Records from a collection
☆ ☆ ☆ ☆ ☆ ☆ ☆

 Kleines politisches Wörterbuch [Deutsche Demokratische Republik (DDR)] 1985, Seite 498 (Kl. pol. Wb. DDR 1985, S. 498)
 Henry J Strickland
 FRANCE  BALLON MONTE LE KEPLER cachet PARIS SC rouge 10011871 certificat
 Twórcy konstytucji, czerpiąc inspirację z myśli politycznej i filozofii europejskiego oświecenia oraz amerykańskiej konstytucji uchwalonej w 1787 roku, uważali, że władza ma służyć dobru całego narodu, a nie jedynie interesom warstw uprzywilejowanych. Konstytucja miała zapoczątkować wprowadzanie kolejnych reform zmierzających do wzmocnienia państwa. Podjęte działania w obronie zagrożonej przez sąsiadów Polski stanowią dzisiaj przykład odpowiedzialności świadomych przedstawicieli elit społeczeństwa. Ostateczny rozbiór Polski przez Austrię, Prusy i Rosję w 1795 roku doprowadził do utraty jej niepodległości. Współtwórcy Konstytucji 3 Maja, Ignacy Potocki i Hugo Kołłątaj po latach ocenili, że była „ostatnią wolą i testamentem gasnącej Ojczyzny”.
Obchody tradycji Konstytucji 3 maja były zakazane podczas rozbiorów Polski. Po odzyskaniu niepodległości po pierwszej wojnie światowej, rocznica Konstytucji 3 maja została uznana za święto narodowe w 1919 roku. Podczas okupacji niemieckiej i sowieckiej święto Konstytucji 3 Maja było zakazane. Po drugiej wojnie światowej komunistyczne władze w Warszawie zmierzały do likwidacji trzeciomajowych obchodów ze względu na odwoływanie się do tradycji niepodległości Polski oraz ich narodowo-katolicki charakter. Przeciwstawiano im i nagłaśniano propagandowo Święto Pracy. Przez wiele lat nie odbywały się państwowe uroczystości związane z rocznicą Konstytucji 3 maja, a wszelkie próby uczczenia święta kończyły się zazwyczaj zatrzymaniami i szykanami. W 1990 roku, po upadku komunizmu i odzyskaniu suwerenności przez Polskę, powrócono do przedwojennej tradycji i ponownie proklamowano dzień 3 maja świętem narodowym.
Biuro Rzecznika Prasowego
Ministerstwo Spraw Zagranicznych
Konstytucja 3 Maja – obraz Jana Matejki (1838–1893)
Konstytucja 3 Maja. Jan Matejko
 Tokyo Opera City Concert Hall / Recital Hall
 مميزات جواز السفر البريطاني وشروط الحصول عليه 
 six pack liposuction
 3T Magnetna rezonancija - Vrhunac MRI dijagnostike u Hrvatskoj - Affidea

☆ ☆ ☆ ☆ ☆ ☆ ☆

▸ What to work on: Start with the first line of the data and print every line exactly. The line containing "rouge 10011871 certificat" is the last one to include.

▸ Worked solution:
 Kleines politisches Wörterbuch [Deutsche Demokratische Republik (DDR)] 1985, Seite 498 (Kl. pol. Wb. DDR 1985, S. 498)
 Henry J Strickland
 FRANCE  BALLON MONTE LE KEPLER cachet PARIS SC rouge 10011871 certificat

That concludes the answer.